The current issue of Christian History and Biography features an article by Frank Ramirez, a Church of the Brethren pastor from Everett, PA, in which he give some historical background and details step-by-step the procedure and meaning of the threefold communion service, which is also observed by Grace Brethren churches. Several paragraphs are excerpted here…to read the entire article click here.

But after nearly 300 years, the love feast, based on John 13, remains an essential Brethren practice. Though it is a movable feast, it is also Holy Ground—a place where all people can come together, remove their shoes, and meet Jesus.

The love feast was quite different from other religious practices of the day. It stemmed from the peculiar theological synthesis of the Brethren—part Anabaptist, part Pietist, and fully determined to implement those ordinances that they found in Scripture as the result of joint Bible study.

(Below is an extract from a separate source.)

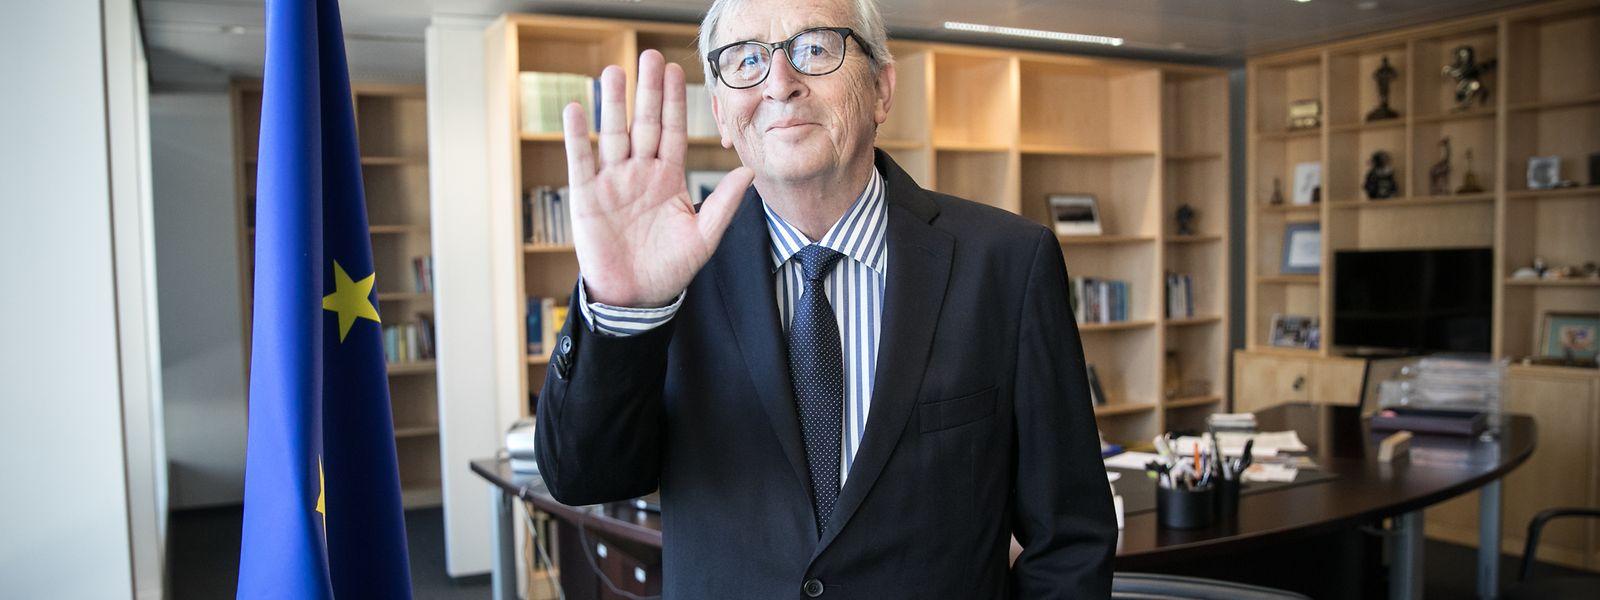 Für Kommissionspräsident Jean-Claude Juncker ist es Zeit, au revoir zu sagen.

Their reading of John’s version of the Last Supper mandated both a full meal and a feetwashing service. John 13:14-15 indicated to the Brethren that Jesus had commanded they wash each other’s feet. Moreover, the meal, therefore, did not precede or follow worship. It was worship, and was as essential to Communion as breaking the bread and drinking the cup. . . .

. . . If you arrive at the love feast (usually held twice a year, often on Maundy Thursday and the first Sunday of October, to many known as World Communion Sunday), you will be welcomed at most congregations as a full participant. The evening will begin with a short service of examination, prayer, and meditation. Generally the congregation then moves to the room or rooms where the feetwashing takes place, men with men, women with women, and children with whomever they choose to sit. . .

. . . The service engages all five senses—the sights of the tables, the smell of the meat, the taste of the meal, the sound of singing and praying aloud, the touch of water and feet as well as the feel of venerable old eating utensils still in use after decades or even a century of service.

Jesus turned the world upside down when he took on the role of a slave and washed the disciples’ feet. The common meal of the early Christian church was just as revolutionary. The Roman Empire was every bit as our age: rich and poor, slave and free, male and female, Jew and Gentile, Roman and Celt. Yet the meal named Love crossed cultural, economic, ethnic, and gender lines. So it is today.